Nel corso della sua carriera, Dreyer ha sempre manifestato ammirazione per il cinema muto svedese, in particolare quello di Victor Sjöström, ma con questo film è lui stesso a dare un eccezionale contributo alla cinematografia svedese. Prästänkan segue il classico modello che prevede l’adattamento di una famosa opera letteraria, con una storia ambientata nel passato e un ampio uso dei magnifici paesaggi naturali scandinavi. I personaggi non si dividono in buoni e cattivi, ma sono spesso alle prese con dilemmi morali o psicologici. Il film di Sjöström del 1919 Ingmarssönern (I figli di Ingmar) 1919) era stato apprezzato per l’attenzione ai dettagli folkloristici; Dreyer esalta il realismo etnografico per tutto il film. Nonostante le difficoltà logistiche, sia le scene in esterni che quelle in interni furono girate in autentiche abitazioni seicentesche di Maihaugen, un museo all’aria aperta vicino a Lillehammer. Certi dettagli d’epoca sono bene in mostra, come nel caso dei cucchiai legati da una catena che lo sposo e la sposa utilizzano nel banchetto di nozze, ma il gusto di Dreyer per l’autenticità tocca ogni ambito della produzione. Le comparse, con le loro barbe imponenti, sono personalità locali reclutate grazie all’aiuto del poeta Olav Aukrust, esperto delle tradizioni e della lingua del posto (Aukrust appare nel film come uno dei concorrenti di Söfren).
Buona parte del film è giocato sul registro della commedia – il sermone di Aukrust è così noioso da far addormentare i fedeli e il sagrestano svegliarli con un bastone – ma Dreyer stacca spesso sul volto di Mari, la cui tacita sofferenza ci richiama alla crudeltà della situazione: le regole dell’ordine sociale soffocano il vero amore. Se Greta Almroth (già protagonista del Sjöström del 1917 di Tösen från Stormyrtorpet [La ragazza della torbiera]) ha un ruolo all’apparenza passivo, le sue reazioni sono fondamentali per il registro tonale del film. Il suo è un dolore non pienamente riconosciuto da Söfren, che come personaggio risulta essere piuttosto inaffidabile e narcisista. Lo interpreta l’attore norvegese Einar Rød (nei credits del film, Röd, secondo la grafia svedese), già visto nel ruolo del perfido, servile villain del film di John Brunius del 1919 Synnöve Solbakken (presentato alle Giornate 2017). La parte della severa e formidabile vedova è interpretata con grande intelligenza e convinzione da Hildur Carlberg, attrice svedese di 77 anni che era purtroppo malata e che morì subito dopo la fine delle riprese.

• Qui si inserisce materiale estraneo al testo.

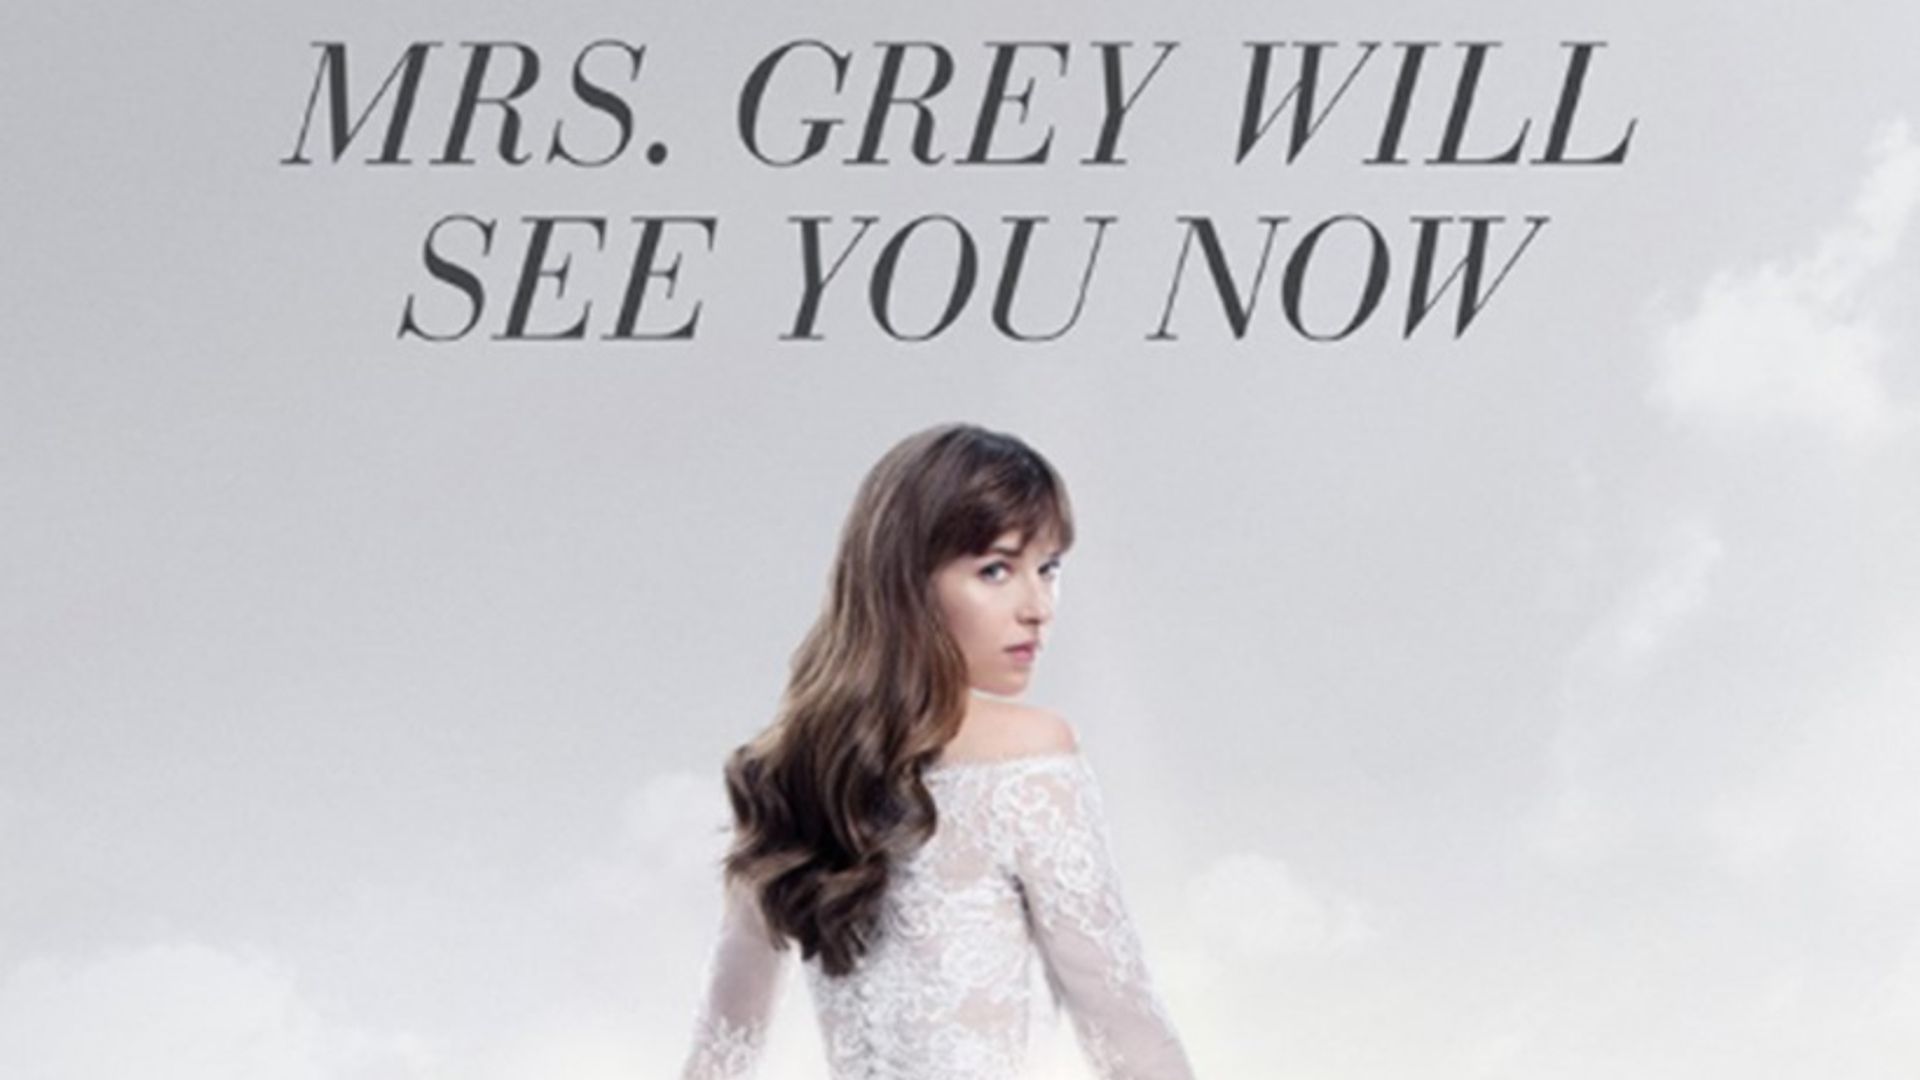 WATCH: Fifty Shades Freed trailer has finally been released

Il direttore della fotografia, a cui va il merito della meticolosa composizione, è il danese George Schnéevoigt, che in Norvegia avrebbe poi diretto Laila (1929; presentato alle Giornate 2008). Dreyer fa ogni sforzo per raccontare la storia attraverso le immagini, arrivando a usare uno split screen per rendere un suono. Girare all’interno di vere abitazioni rendeva più difficile la collocazione delle luci e della macchina da presa e quindi Dreyer non rispetta la continuità visiva. La scelta di girare da angoli diversi è probabilmente dovuta ai problemi di spazio, ma l’effetto finale non sembra dispiacere al regista. Il ridotto numero di personaggi aiuta a mantenere una certa coerenza spaziale tra un’inquadratura e l’altra e nei film successivi Dreyer cercò dove possibile di utilizzare set con quattro pareti, in modo da poter inquadrare gli attori da tutti i lati.
Il personaggio di Mari è chiamato “Kari” nel programma svedese e in quello danese, oltre che in diverse altre fonti; “Mari” è però la forma usata sia nel racconto di Janson che nella lista originale delle didascalie.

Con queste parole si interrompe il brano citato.